К счастью, у меня оказалось много шампуня, и, хотя раковина была маленькой, а вода – холодной, вымыв голову, я почувствовала, что владею ситуацией.

Через час я была собрана, одета, накрашена, а поверх влажных волос у меня был повязан шарфик. Я надела солнечные очки, чтобы еще больше защитить себя от дурного глаза. Сымпровизировала еще одну прокладку из туалетной бумаги и пришпилила ее к трусикам изнутри. Приспособление не самое удобное, но все же я была готова оплатить счет, волочить чемодан и предстать перед миром.

«Слава богу, что сегодня солнечный день», – подумала я, выходя на улицу.

Будучи бывшим друидом, я не забывала благодарить богов за маленькие услуги. Ночь пережила! Я даже спала! На несколько мгновений даже позволила себе роскошь думать, что все будет хорошо.

«Не думать, – сказала я себе. – Не думать, не анализировать и не волноваться…»

Сосредоточься на том, что тебе нужно попасть в Лондон и собраться. Проживи один день, черт тебя подери.

Я со своим чемоданом притащилась в аптеку, купила «тампакс», а потом приковыляла во вчерашнее кафе на площадь Сен-Мишель. Я оставила чемодан у столика и спустилась вниз, чтобы заткнуть себя «тампаксом». Тревога кольнула меня – а вдруг чемодан украдут, – но я тут же решила: украдут – и черт с ним. Таков знак. Если чемодан окажется на месте, когда я вернусь, заделав течь «тампаксом», то все будет хорошо.

Чемодан никуда не делся.

Я села рядом с ним, заказала чашечку капуччино и булочку.
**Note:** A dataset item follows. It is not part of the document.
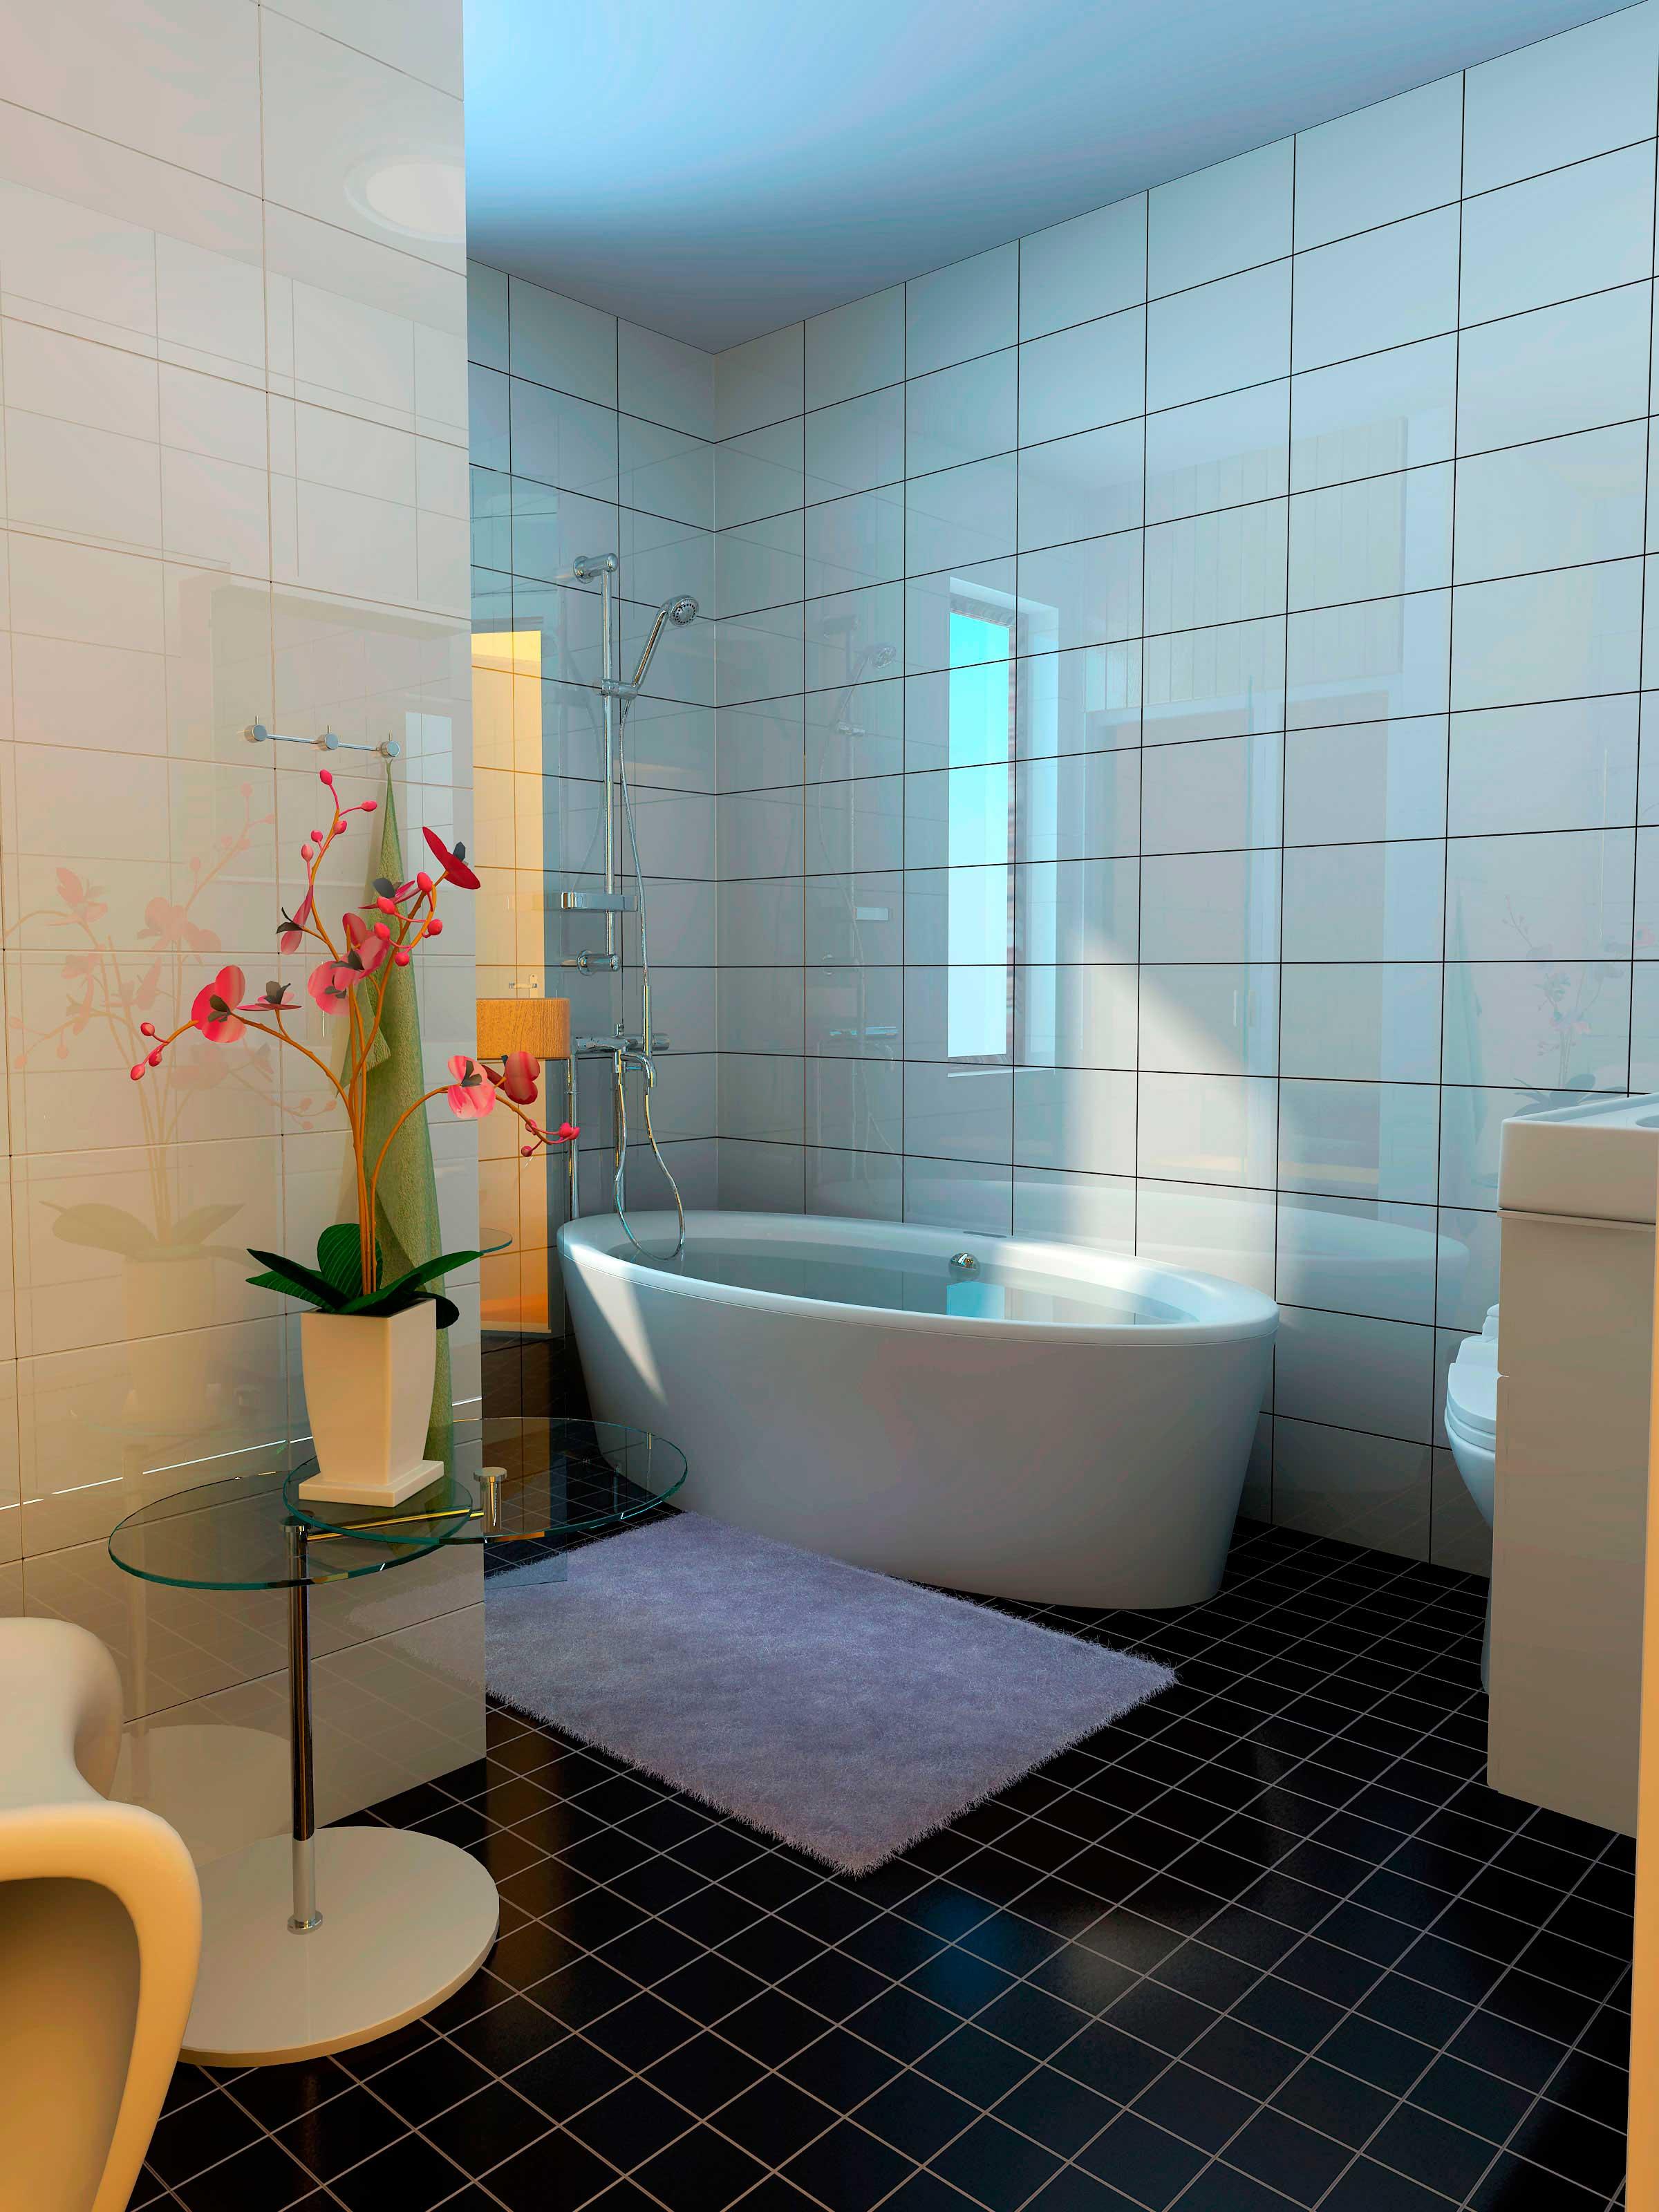 zyok888] 室内外设计作品展示区 → 小小的卫生间   此主题相关图片如

Был почти час дня, и я чувствовала спокойствие, чуть ли не эйфорию. Как мало нужно нам для счастья: открытая аптека, неукраденный чемодан, чашечка капуччино. Я вдруг остро ощутила маленькие радости бытия. Превосходный вкус кофе, теплые солнечные лучи, люди, принимающие разнообразные позы на перекрестках, чтобы ты могла восхититься ими. Впечатление такое, будто весь Латинский квартал заняли американцы. Справа и слева от себя я слышала разговоры об учебной нагрузке в Мичиганском университете и опасностях, подстерегающих тех, кто спит на пляжах в Испании. Я увидела туристическую группу чернокожих женщин средних лет – в шляпках с искусственными цветочками они пересекали площадь Сен-Мишель в направлении Сены и Нотр-Дам. Молодые американские пары с детишками в рюкзачной сбруе.

«Пикассо, несомненно, фетишизировал грудь…» – сказал парень оскар-уайльдовского типа в телесного цвета футболке своему спутнику, разодетому в тряпки от Кардена. Я вообразила, что у него на передке плавок тоже стоят маленькие буковки «К».
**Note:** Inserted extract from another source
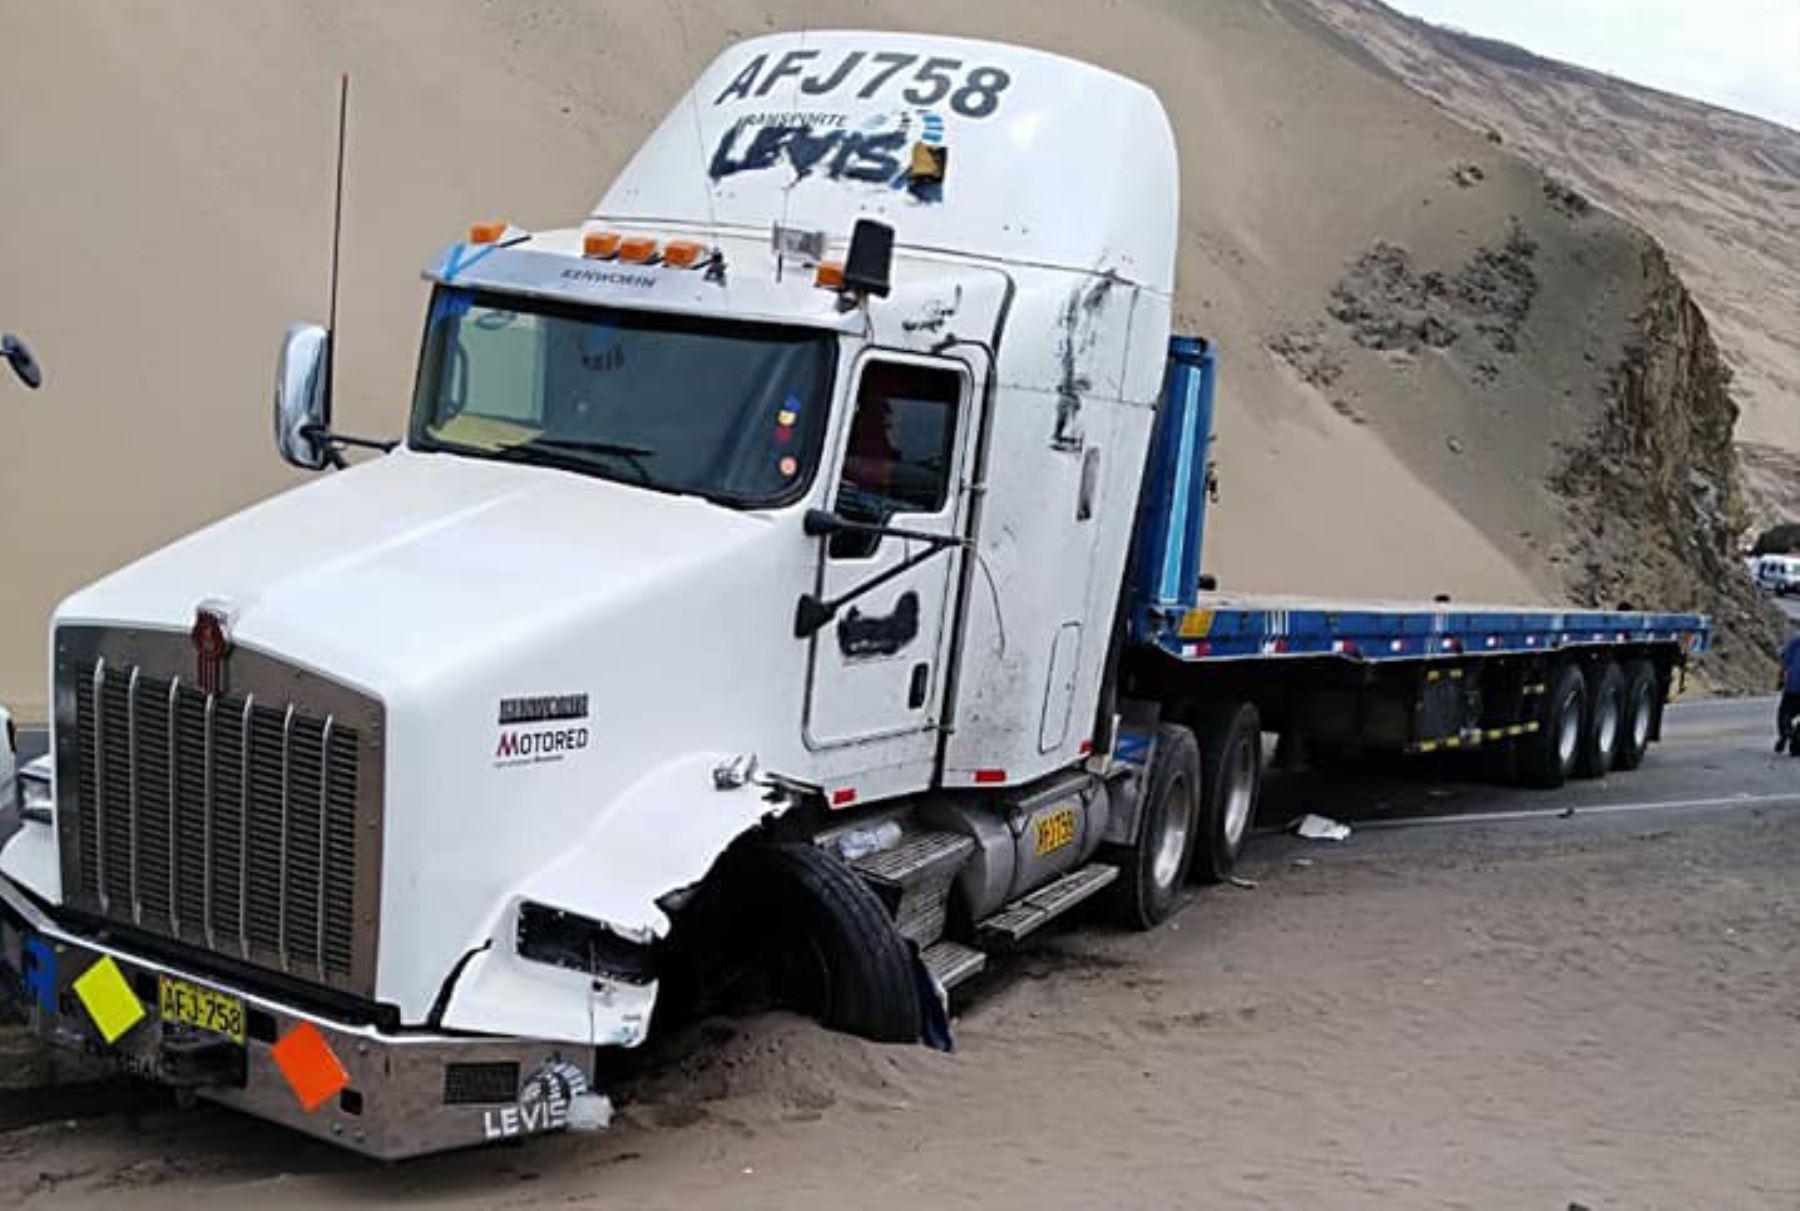 El camión remolcador que protagonizó en la víspera un choque con un bus de transporte interprovincial en Pasamayo tenía vencido el certificado de inspección técnica vehicular, reveló la Superintendencia de Transporte Terrestre de Personas, Carga y Mercancías (Sutran). Foto: Twitter.

Какая сцена! Ну просто чосеровские пилигримы. Мещанка из Бата в личине чернокожей американки совершает паломничество в Нотр-Дам. Сквайр[443] в образе студента с мягкими чертами лица и светлой бородкой с «Пророком»[444] в руке. Аббатиса[445] в образе хорошенькой студентки, специализирующейся на истории искусств, только-только из школы мисс Хьюит[446], с первого или второго бала для молоденьких девушек, выходящих в свет, и из «Сары Лоуренс»[447], а грязные джинсы на ней позволят поскорее забыть аристократические прошлое и профиль. Сладострастный монах в образе уличного проповедника макробиотики и естественного образа жизни. Кармелит в образе обращенного кришнаита с ирокезом на голове. Мельник[448] в виде бывшего политического активиста из Чикагского университета, занятого распространением литературы французского феминистического движения…

«Почему ты стал феминистом?» – спросила я недавно у одного парня, который, как мне было известно, горячо поддерживал движение.
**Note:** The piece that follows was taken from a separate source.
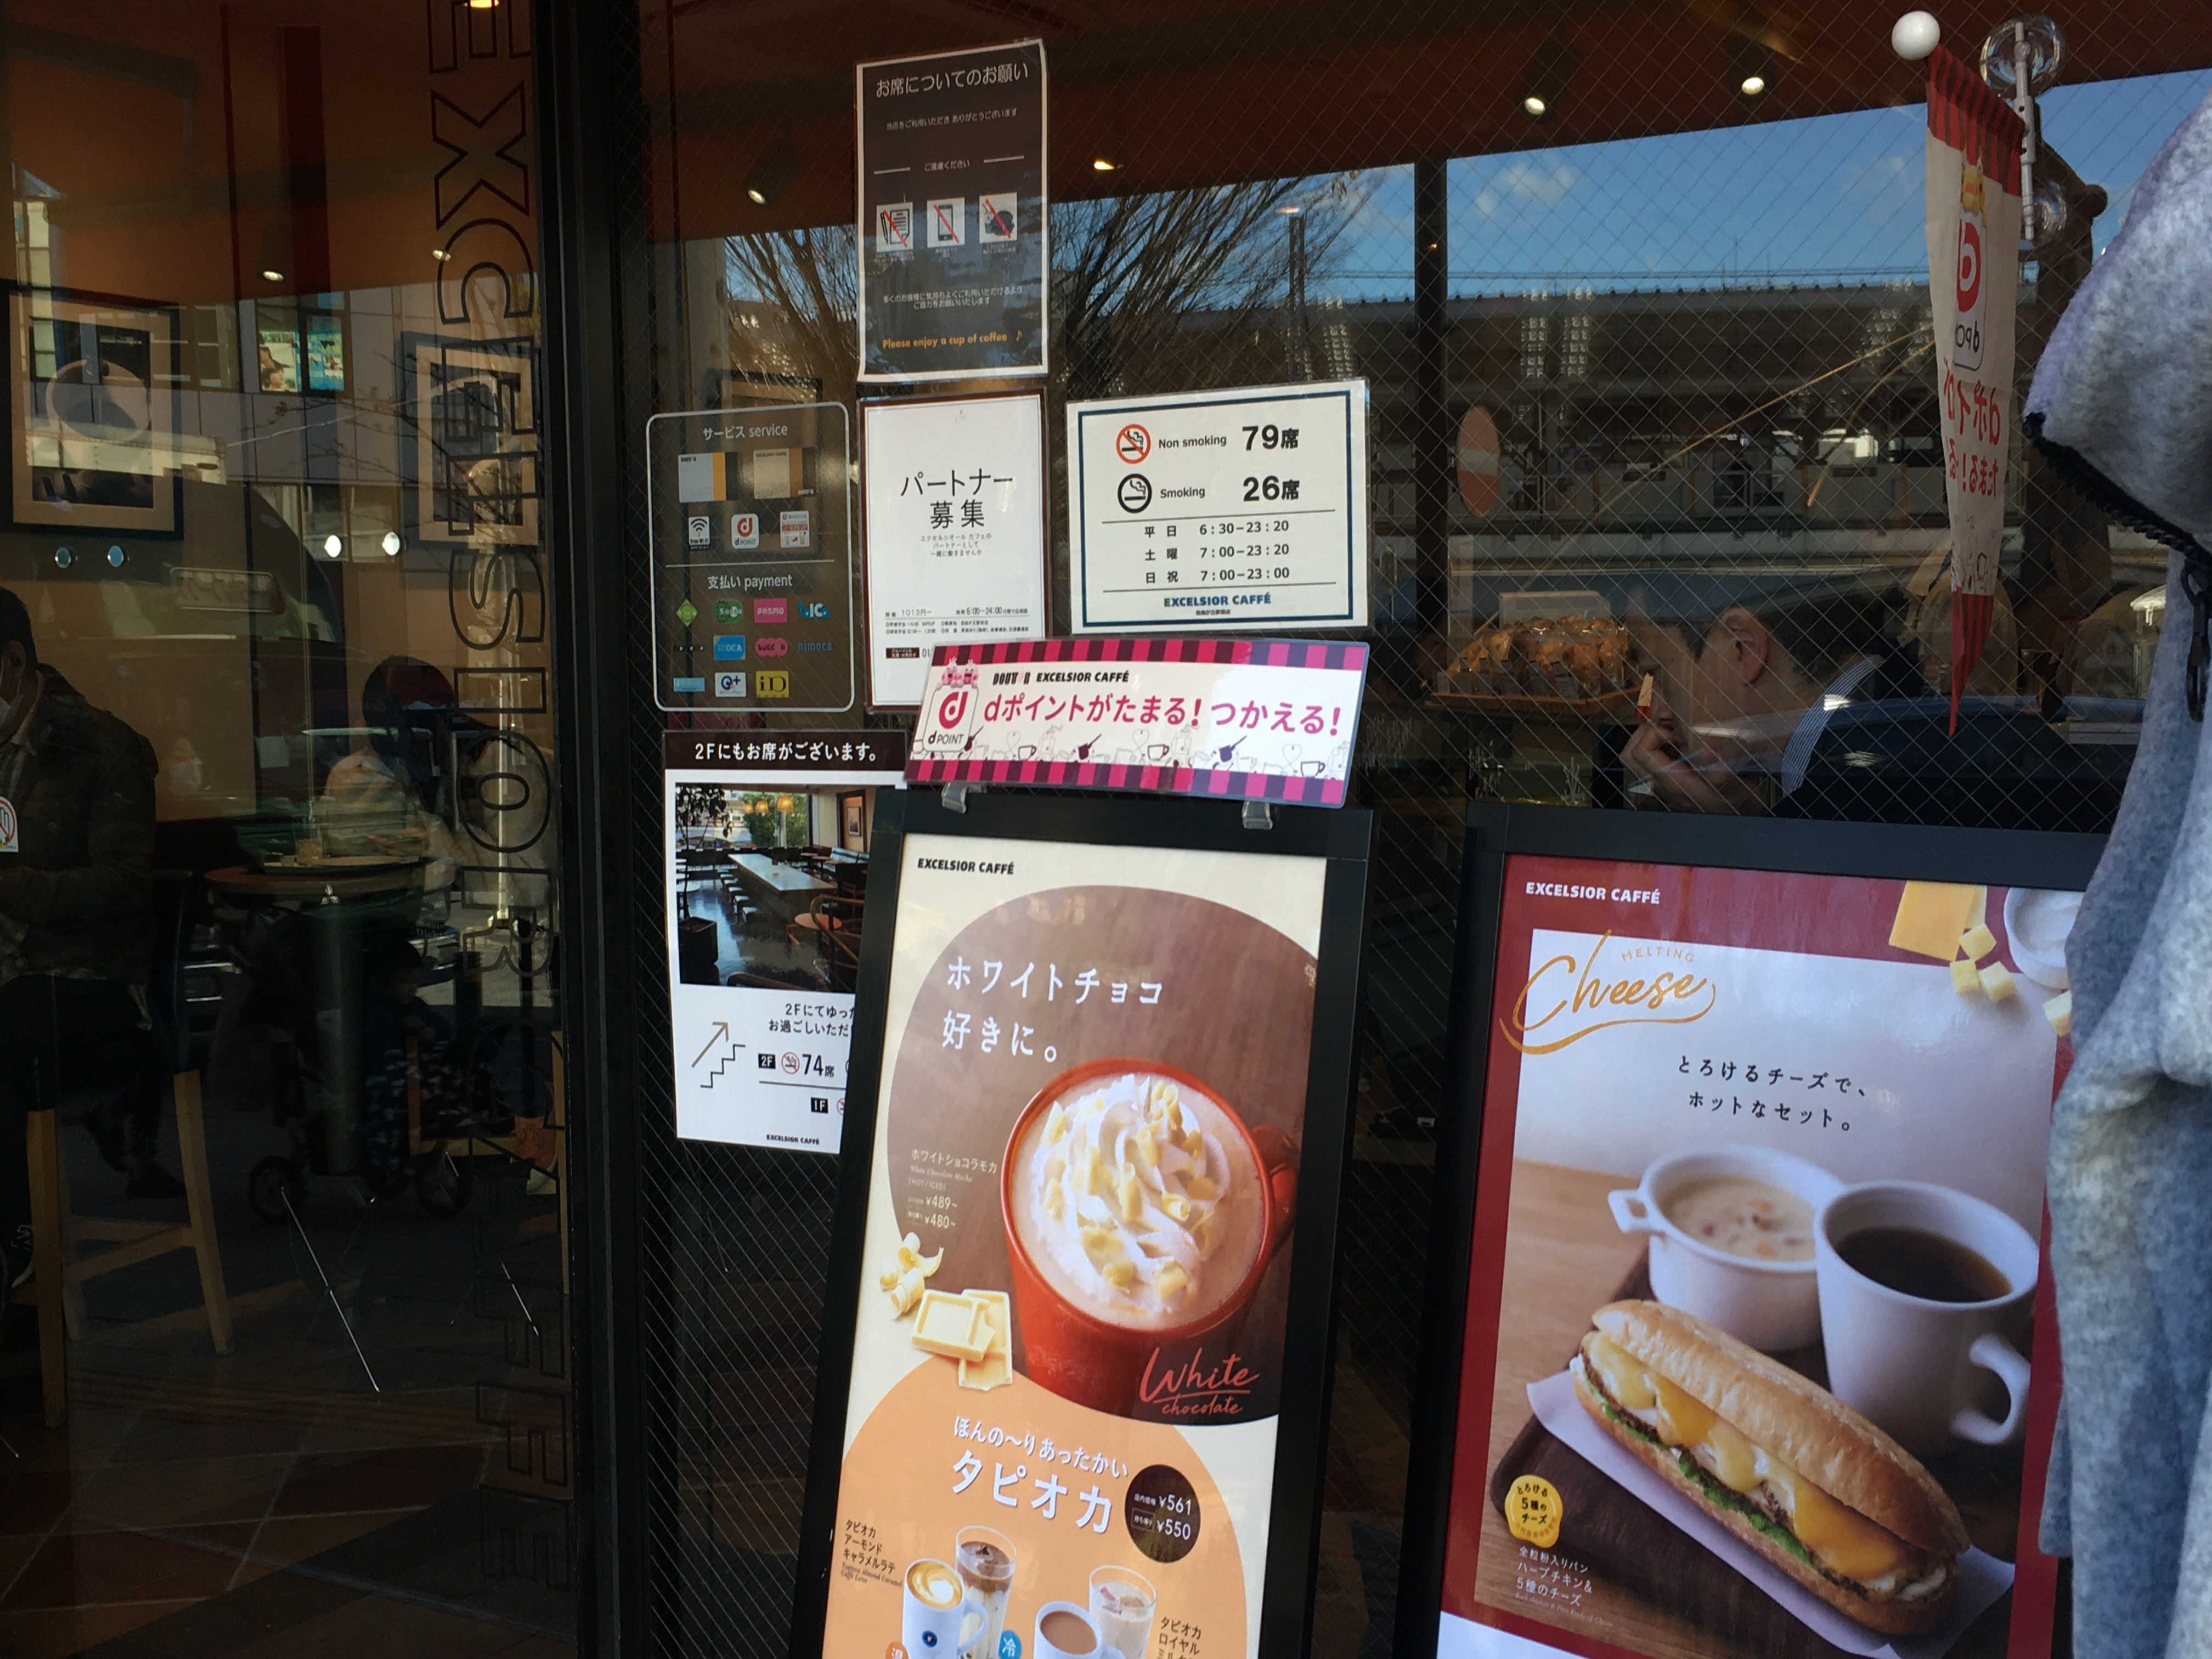 エクセルシオールカフェ,自由が丘駅前店,コーヒー,喫煙可

«Да потому что теперь это лучший способ трахнуться», – ответил он.

Чосер был бы здесь на своем месте. Ему сие давно было ясно как божий день.

В тот момент я чувствовала себя такой хладнокровной и уравновешенной, что до возвращения паники намеревалась порадоваться жизни. Значит, я в конечном счете не беременна. В некотором смысле грустно – менструация вещь всегда немного грустная, – но, значит, меня посетило новое начало. Мне предоставлялся еще один шанс.

Я заказала еще кофе, не спуская глаз с процессий на улице. Ах, все эти простаки за границей![449] На углу целовалась пара, и я, глядя на них, думала об Адриане. Они смотрели друг другу в глаза, словно рассчитывали прочесть там тайну жизни. И что влюбленные видят в глазах друг друга? Друг друга? Я вспомнила о моем безумном представлении, будто Адриан – мой духовный двойник, и подумала, насколько же оно оказалось далеким от действительности. Это было то, чего я хотела в самом начале. Мужчина, который стал бы моей второй половинкой. Папагено и Папагена[450]. Видимо, самая иллюзорная из моих иллюзий. Не бывает никаких вторых половинок. Мы сами свои половинки. Если нам не хватает силы найти вторую половину, то поиск любви становится поиском самоуничтожения, и тогда мы пытаемся убедить себя, что самоуничтожение есть любовь.

Я знала, что не побегу следом за Адрианом в Хемпстед. Знала, что пущу коту под хвост свою жизнь ради некой великой деструктивной страсти. Одна часть меня хотела этого, а другая презирала Айседору за то, что она не из тех женщин, которые всю себя готовы отдать за любовь. Но притворяться не имело резона. Я не принадлежала к ним. Я не склонна к самоуничтожению. Может быть, я никогда не стану романтической героиней, но хотя бы останусь живой. И в тот момент это было самое главное. Просто я вернусь домой и напишу об Адриане. Сохраню Адриана, отказавшись от него.

Да, временами я отчаянно тосковала по нему. Смотрела на целующуюся пару и чуть ли не чувствовала язык Адриана у себя во рту. У меня наблюдались и все прочие сентиментальные симптомы: мне все время казалось, что я вижу его машину на другой стороне улицы, и я даже не исключала, что попозже подойду поближе – посмотреть номера. На мгновение показалось, что вижу его затылок в кафе, а потом поймала себя на том, что вглядываюсь в лицо какого-то незнакомца. Иногда чувствовала его запах, его смех, его шутки…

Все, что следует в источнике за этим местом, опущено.